State persistence depends on the event transport mode:
- **NATS Core / event plane mode**: State persists on workers, and the router rebuilds state by querying workers on startup.
- **JetStream mode**: State persists across router restarts via JetStream and NATS object store snapshots.
- **No KV events** (`--no-router-kv-events`): State persistence is not supported.

Request-plane transport is independent of KV event transport. The request plane (`DYN_REQUEST_PLANE` or `--request-plane`) controls how requests reach workers. KV events use NATS in JetStream or NATS Core modes, or ZMQ when `--event-plane zmq` is set. With `--event-plane zmq` and `--discovery-backend file` or `mem`, the router can run without etcd or NATS. When using a NATS-based event plane, NATS is initialized automatically; set `NATS_SERVER=nats://...` to override the default `localhost:4222`.

When `--router-kv-overlap-score-weight` is set to 0, no KV indexer is created and prefix matching is disabled. When `--no-router-kv-events` is set, a KV indexer is still created but no event subscriber is launched; the router predicts cache state from its own routing decisions with TTL-based expiration and pruning.

Backend KV event publishing is independent of the frontend's `--no-router-kv-events` flag. The frontend flag controls whether the router consumes events; backend flags control whether workers publish them. If the router is not consuming events, workers that still publish will waste resources but cause no harm.

- **vLLM**: Pass `--kv-events-config '{"enable_kv_cache_events": false}'` to disable, or `'{"enable_kv_cache_events": true, "publisher": "zmq", "endpoint": "tcp://*:5557"}'` to enable.
- **SGLang**: Pass `--kv-events-config` with a JSON config to enable, or omit it to keep publishing disabled.
- **TRT-LLM**: Pass `--publish-events-and-metrics` to enable, or omit it to keep publishing disabled.
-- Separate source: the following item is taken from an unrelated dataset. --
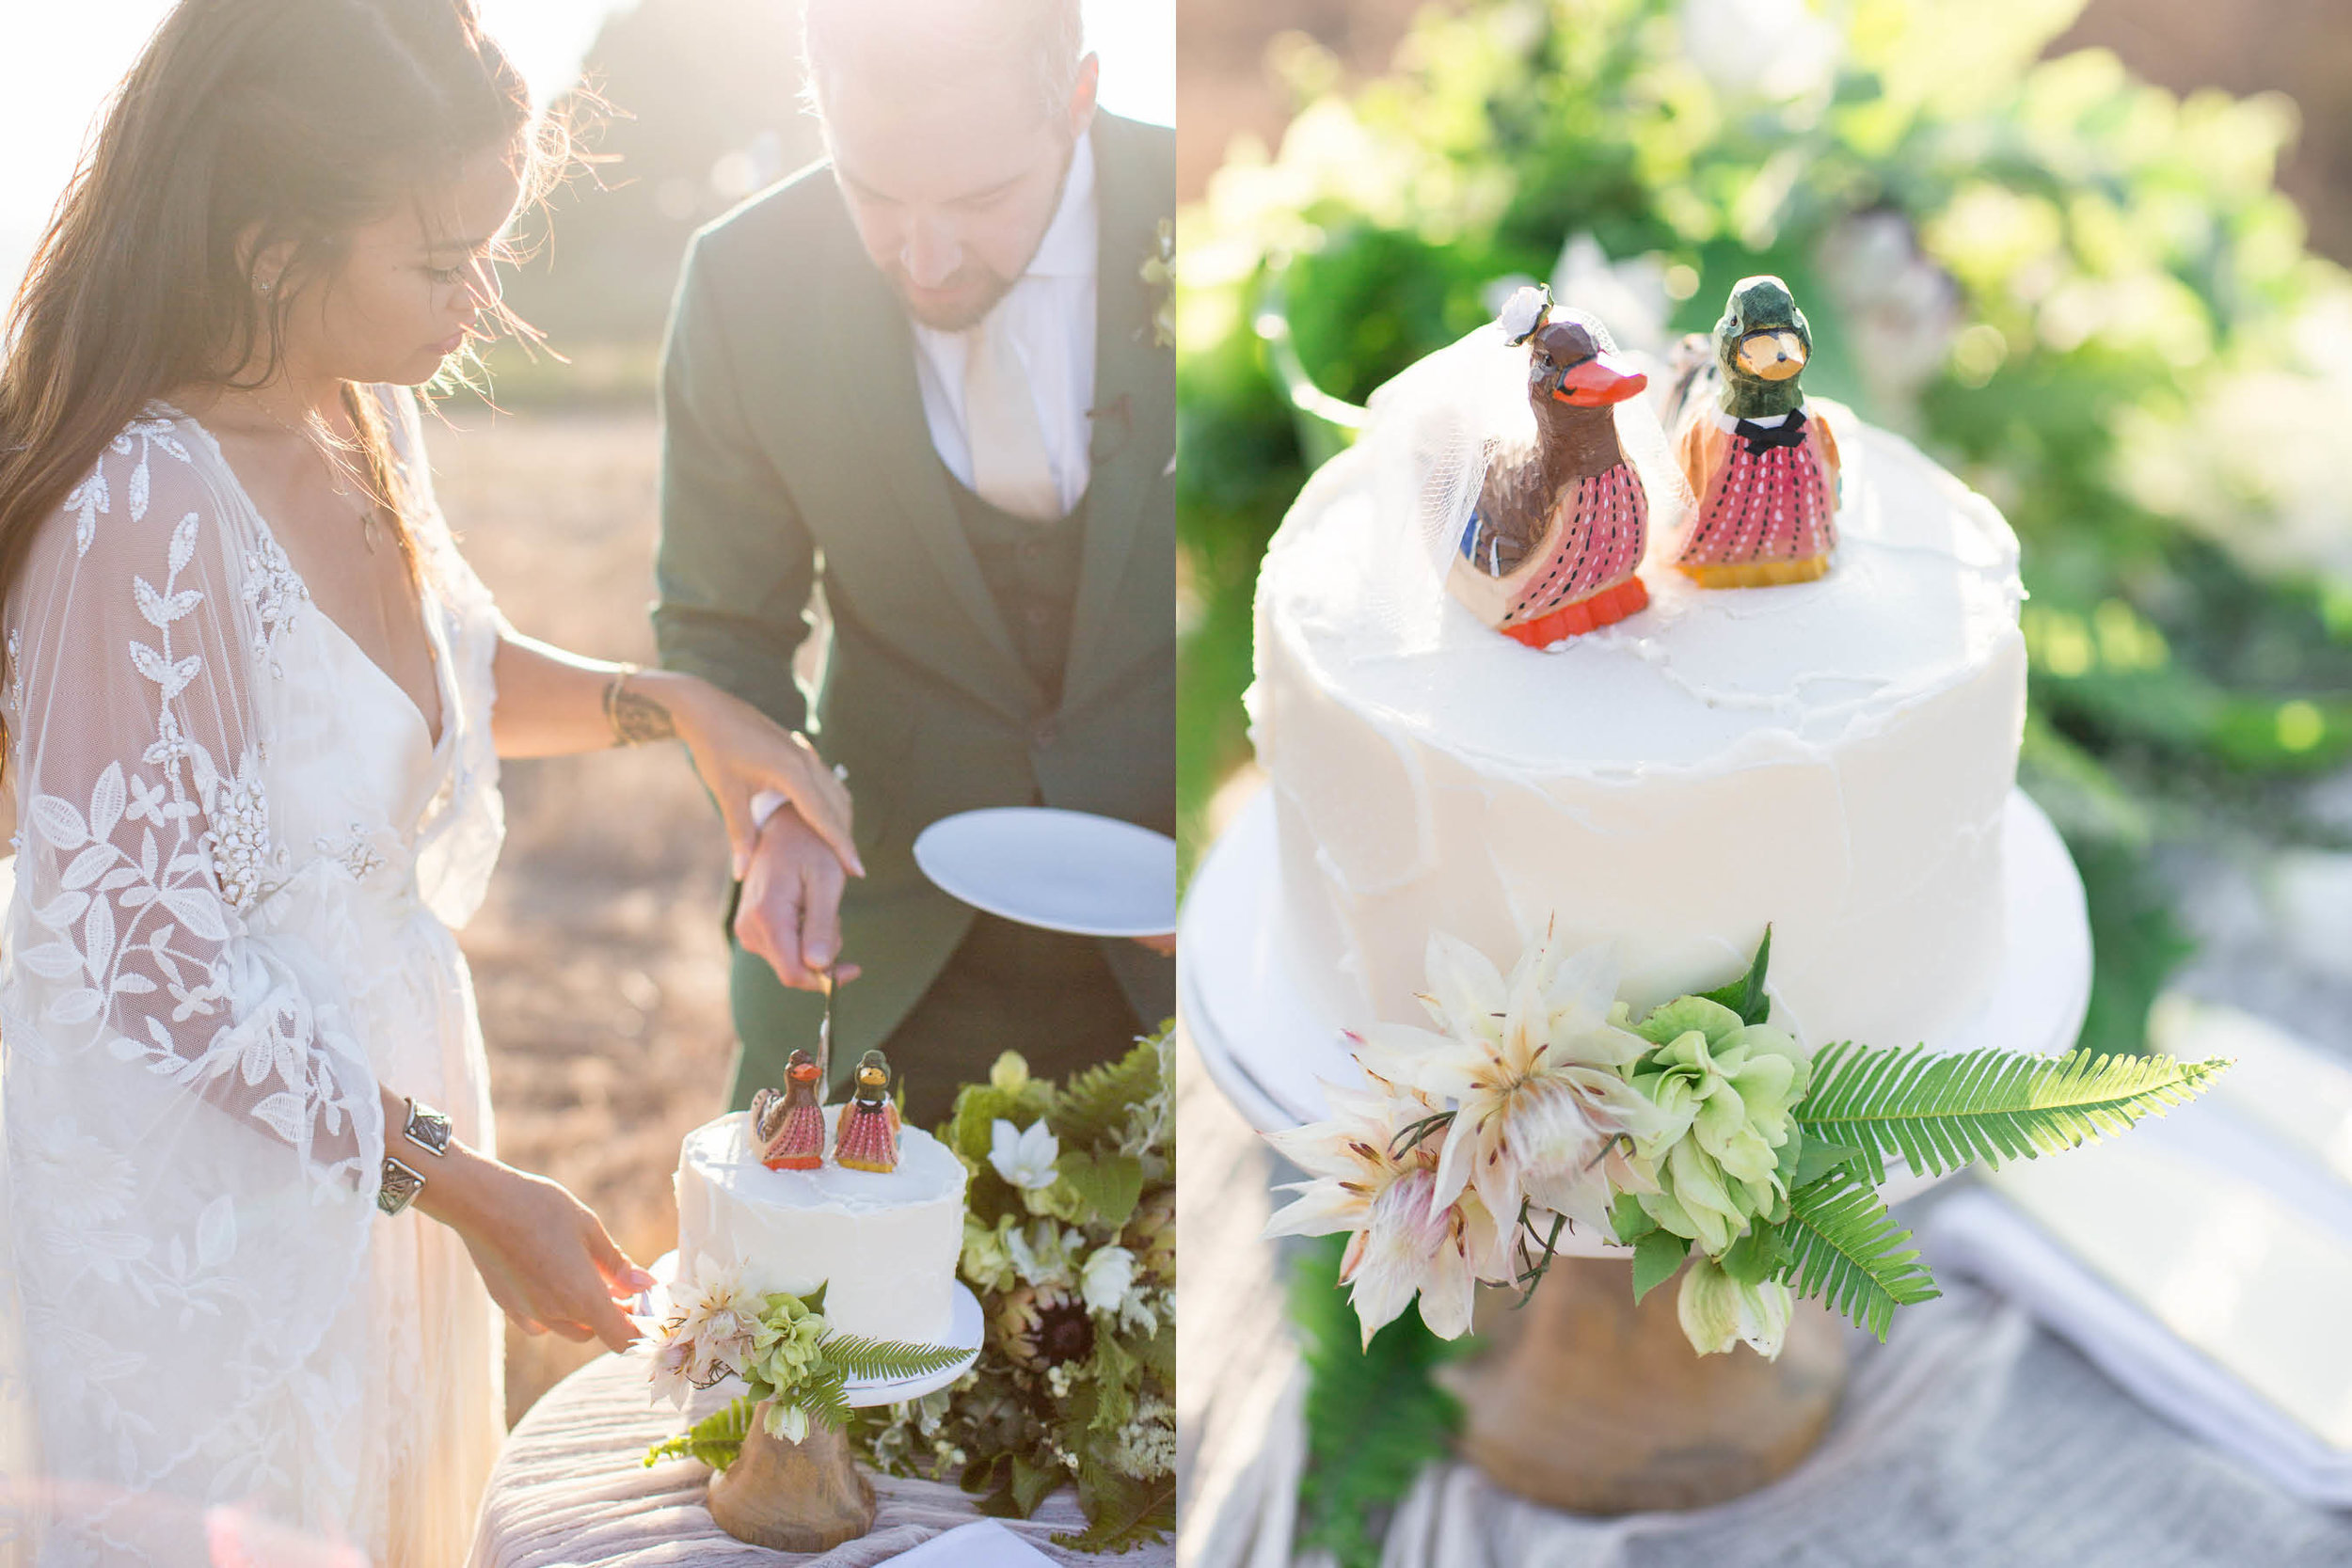 santa-barbara-elopement-elope-wedding-pop-up-coordinator-day-of-event-planning-planner-ellwood-bluff-eucalyptus-grove-rustic-ocean-view-front-hop-green-suit (1 (19).jpg
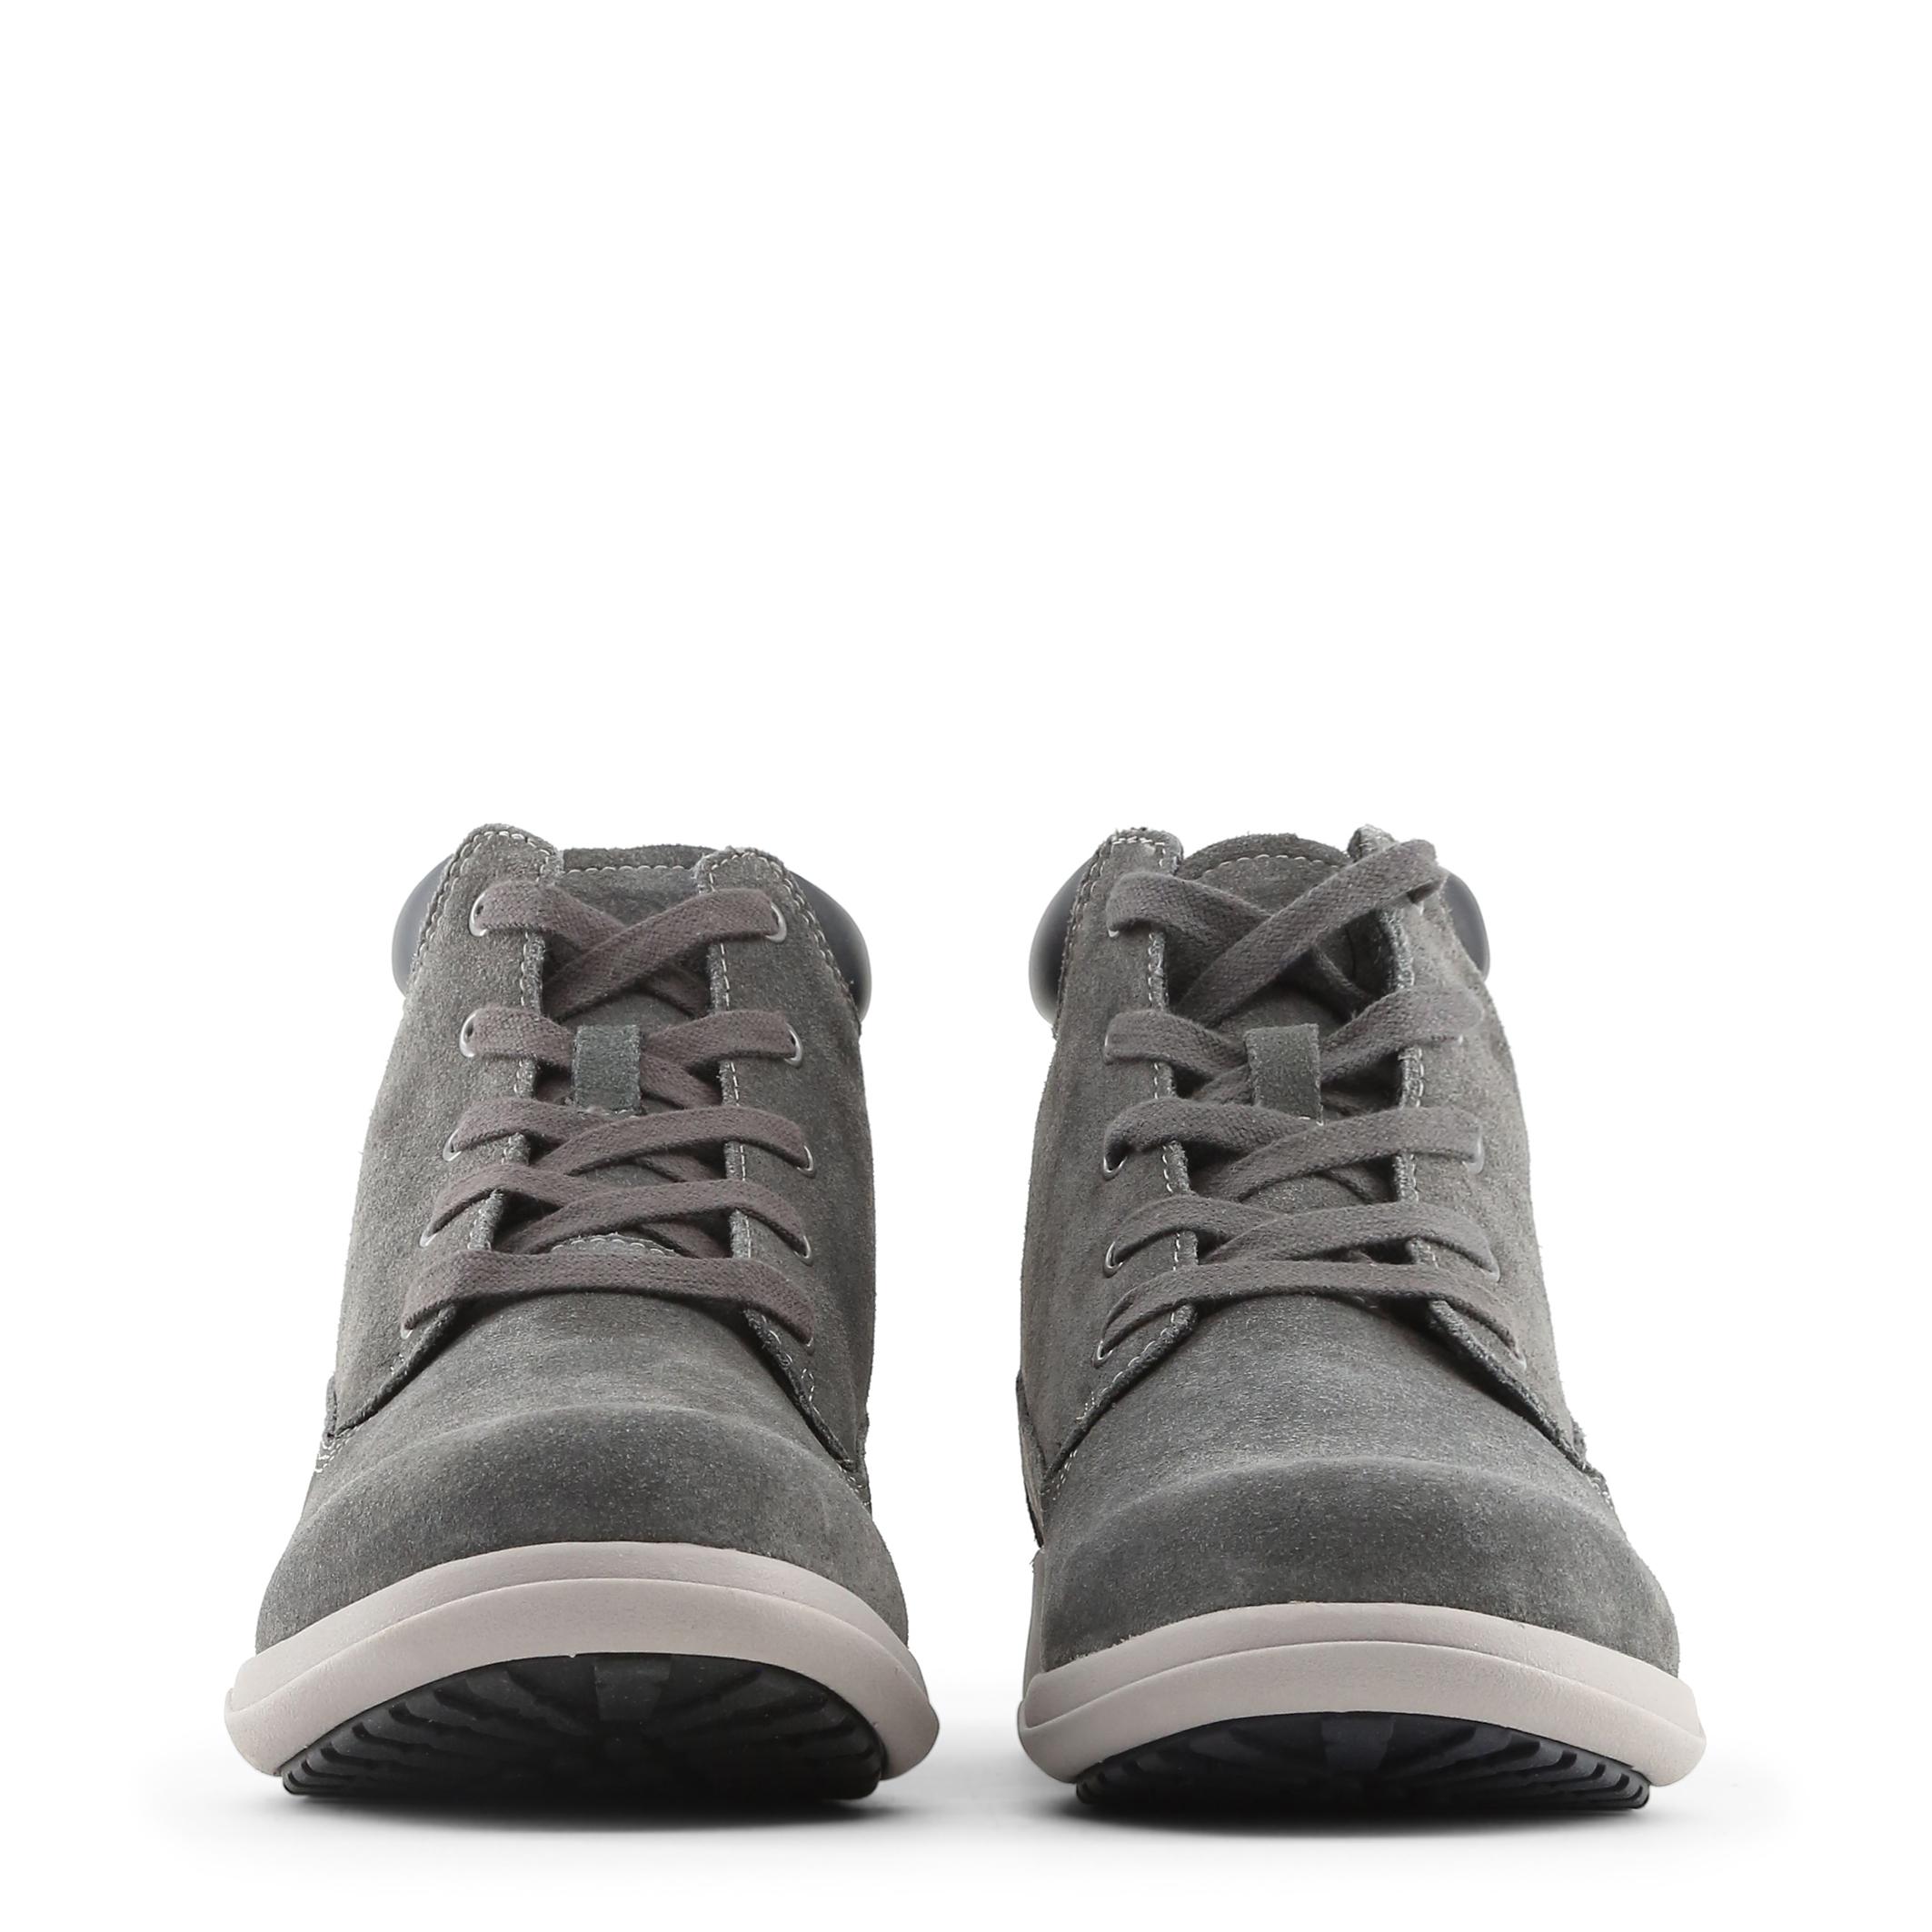 Lumberjack WINTERHOUSTON Winter Zapatos Sneaker botas botas botas Stiefel Echtleder f38420

The CLI args `--router-ttl-secs`, `--router-max-tree-size`, and `--router-prune-target-ratio` control local cache management when the router operates without receiving events from workers. When workers are configured to publish KV events, the router relies on worker-side eviction events and these parameters are ignored.

`--router-queue-threshold` and the busy thresholds (`--active-decode-blocks-threshold`, `--active-prefill-tokens-threshold`, `--active-prefill-tokens-threshold-frac`) serve different purposes. Busy thresholds reject a worker entirely from the candidate set when it exceeds a utilization limit. In contrast, `--router-queue-threshold` defers the entire routing decision until at least one worker has capacity, so the request is routed with the freshest load metrics. The busy thresholds can be updated at runtime without restarting the frontend via the `/busy_threshold` HTTP endpoint. For details, see [Request Rejection](/dynamo/user-guides/fault-tolerance/request-rejection).